## BRIEF
Should any entry hold a picture, omit that picture and copy the rest of the entry exactly.

(Beginning of ENTRIES SUPPLIED)

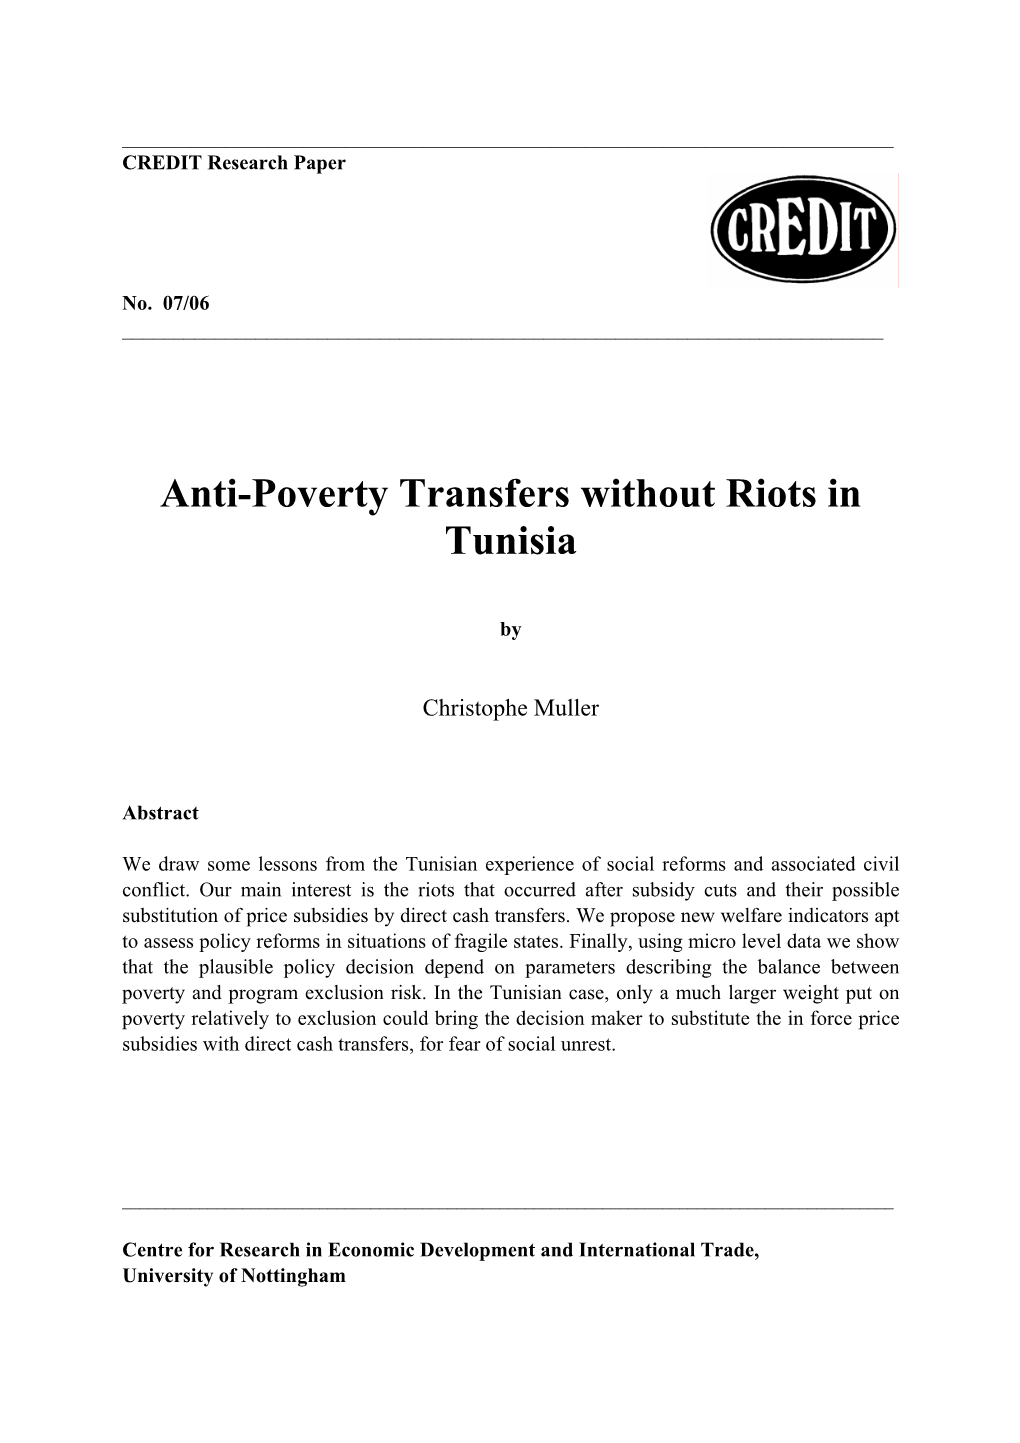 Anti-Poverty Transfers Without Riots in Tunisia
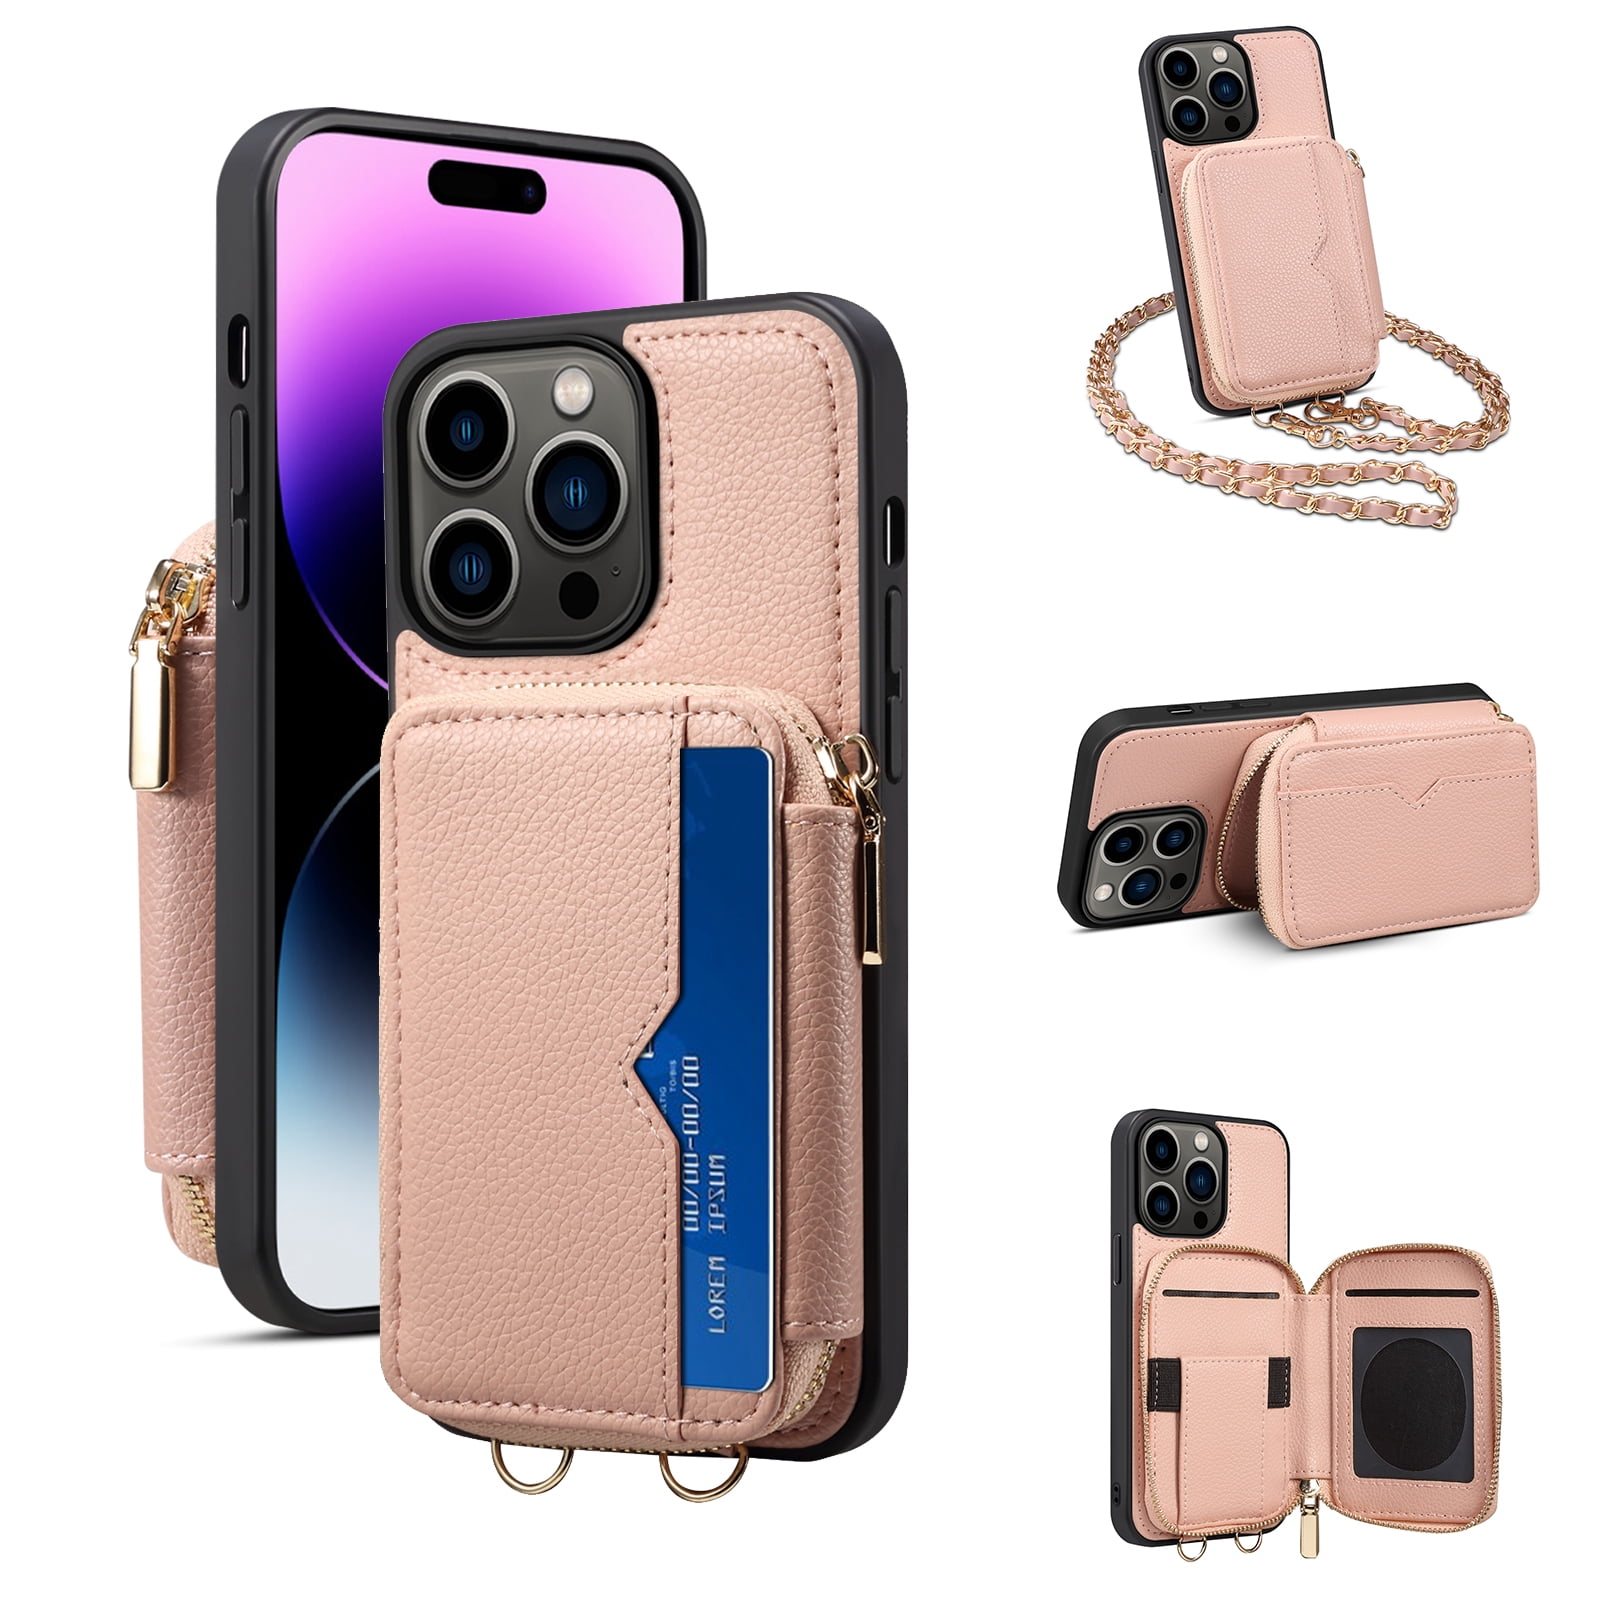 Luxury Handy Wallet Purse Leather Shockproof Case Cover For Apple iPhone  Model - Simpson Advanced Chiropractic & Medical Center
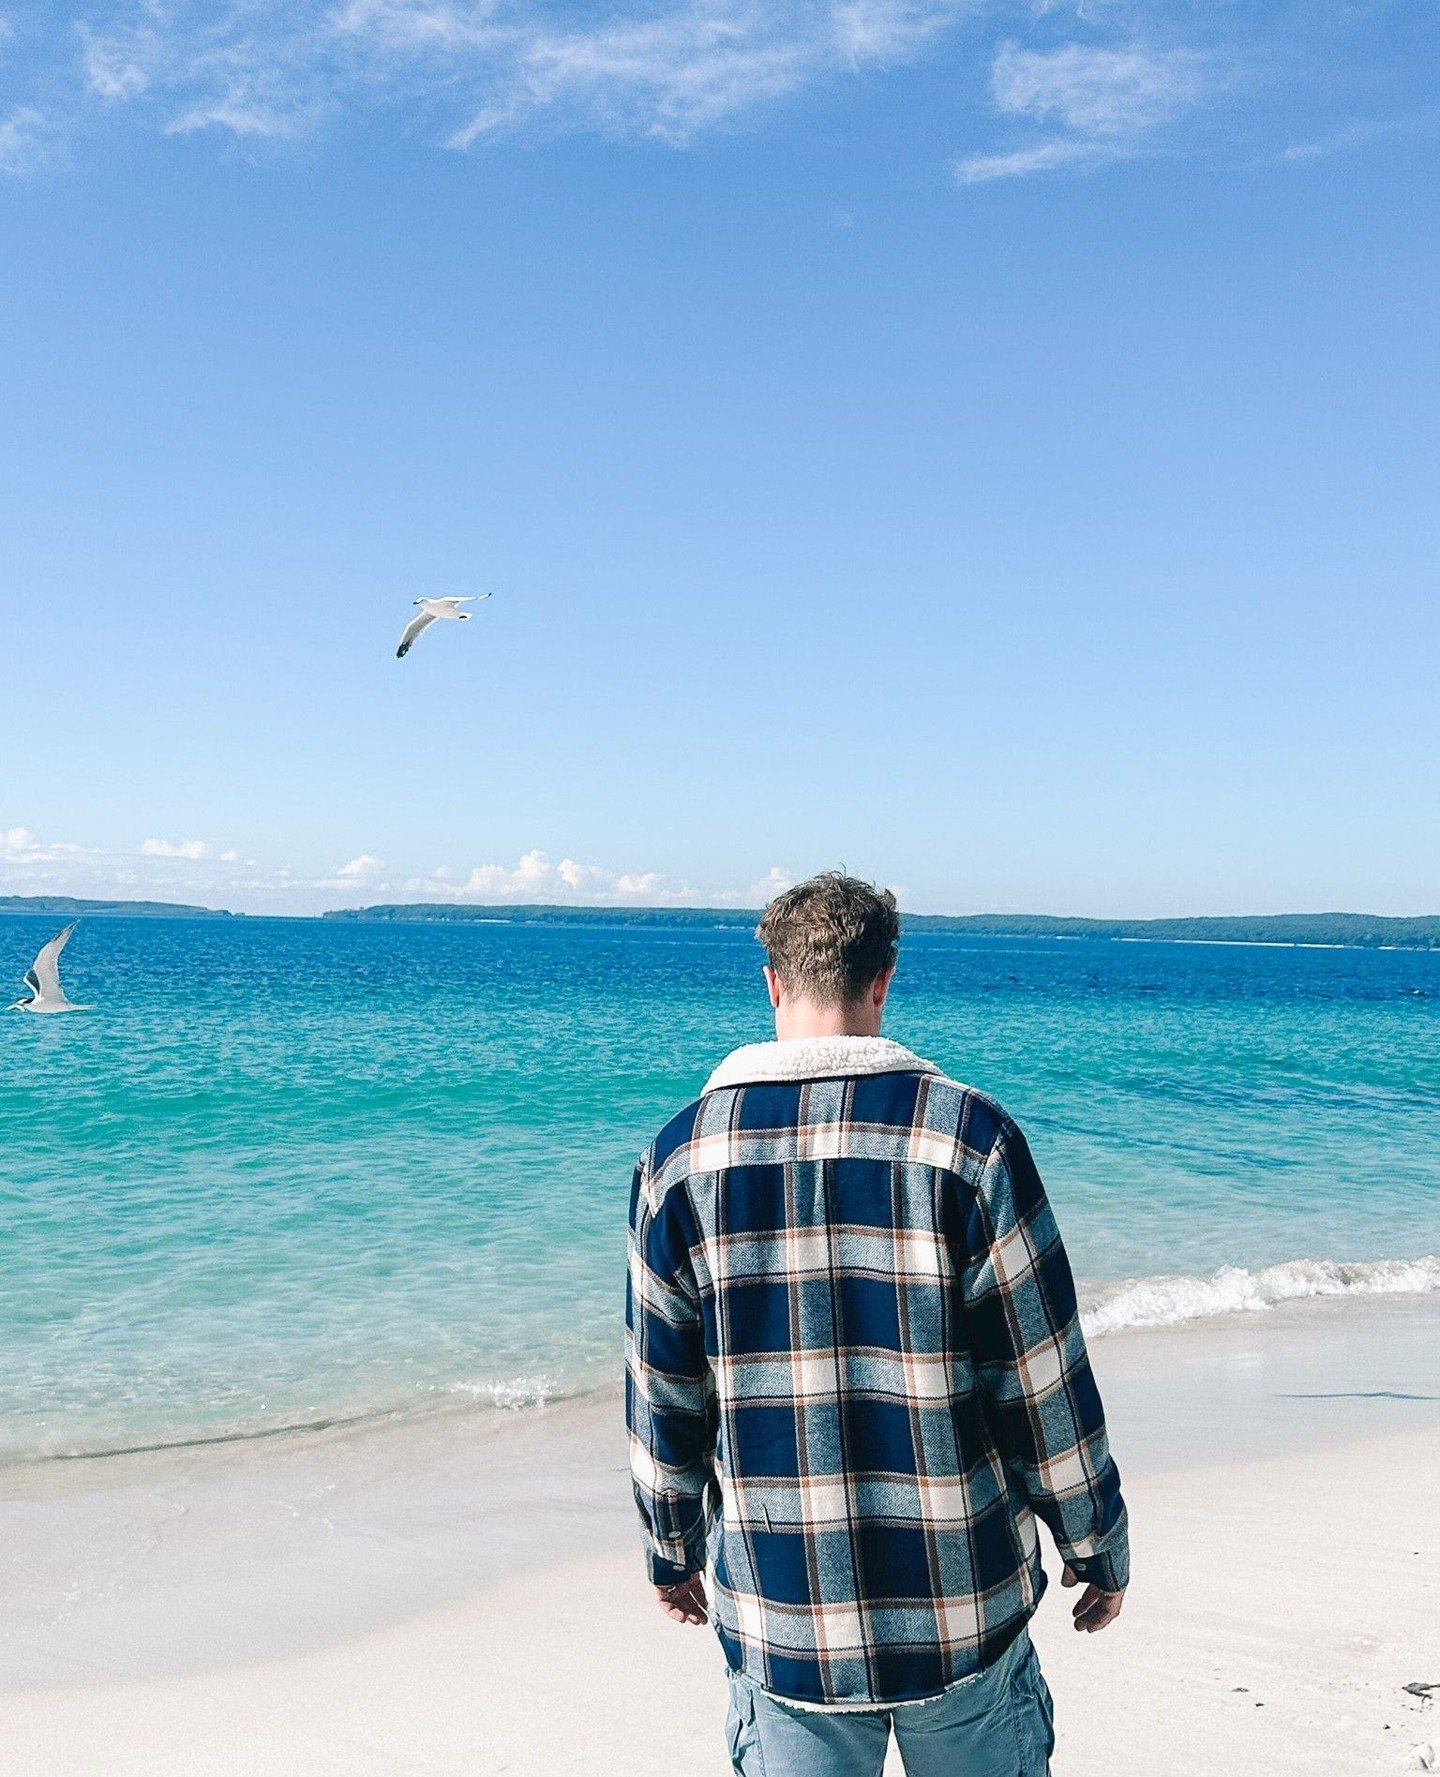 Weekend get aways down south never disappoint 🏖️⁠
⁠
⁠
⁠
#weekendvibes #travels #getaway #beachlife #sunshine #australia #flanno #menswear #sustainablesurfwear #sustainableclothing #coastal #pipinghotaustralia #forcleanoceans #surf #southernhighlands

(End of ENTRIES SUPPLIED)

## TASK RESULT
 Anti-Poverty Transfers Without Riots in Tunisia
 Luxury Handy Wallet Purse Leather Shockproof Case Cover For Apple iPhone  Model - Simpson Advanced Chiropractic & Medical Center
 Weekend get aways down south never disappoint 🏖️⁠
⁠
⁠
⁠
#weekendvibes #travels #getaway #beachlife #sunshine #australia #flanno #menswear #sustainablesurfwear #sustainableclothing #coastal #pipinghotaustralia #forcleanoceans #surf #southernhighlands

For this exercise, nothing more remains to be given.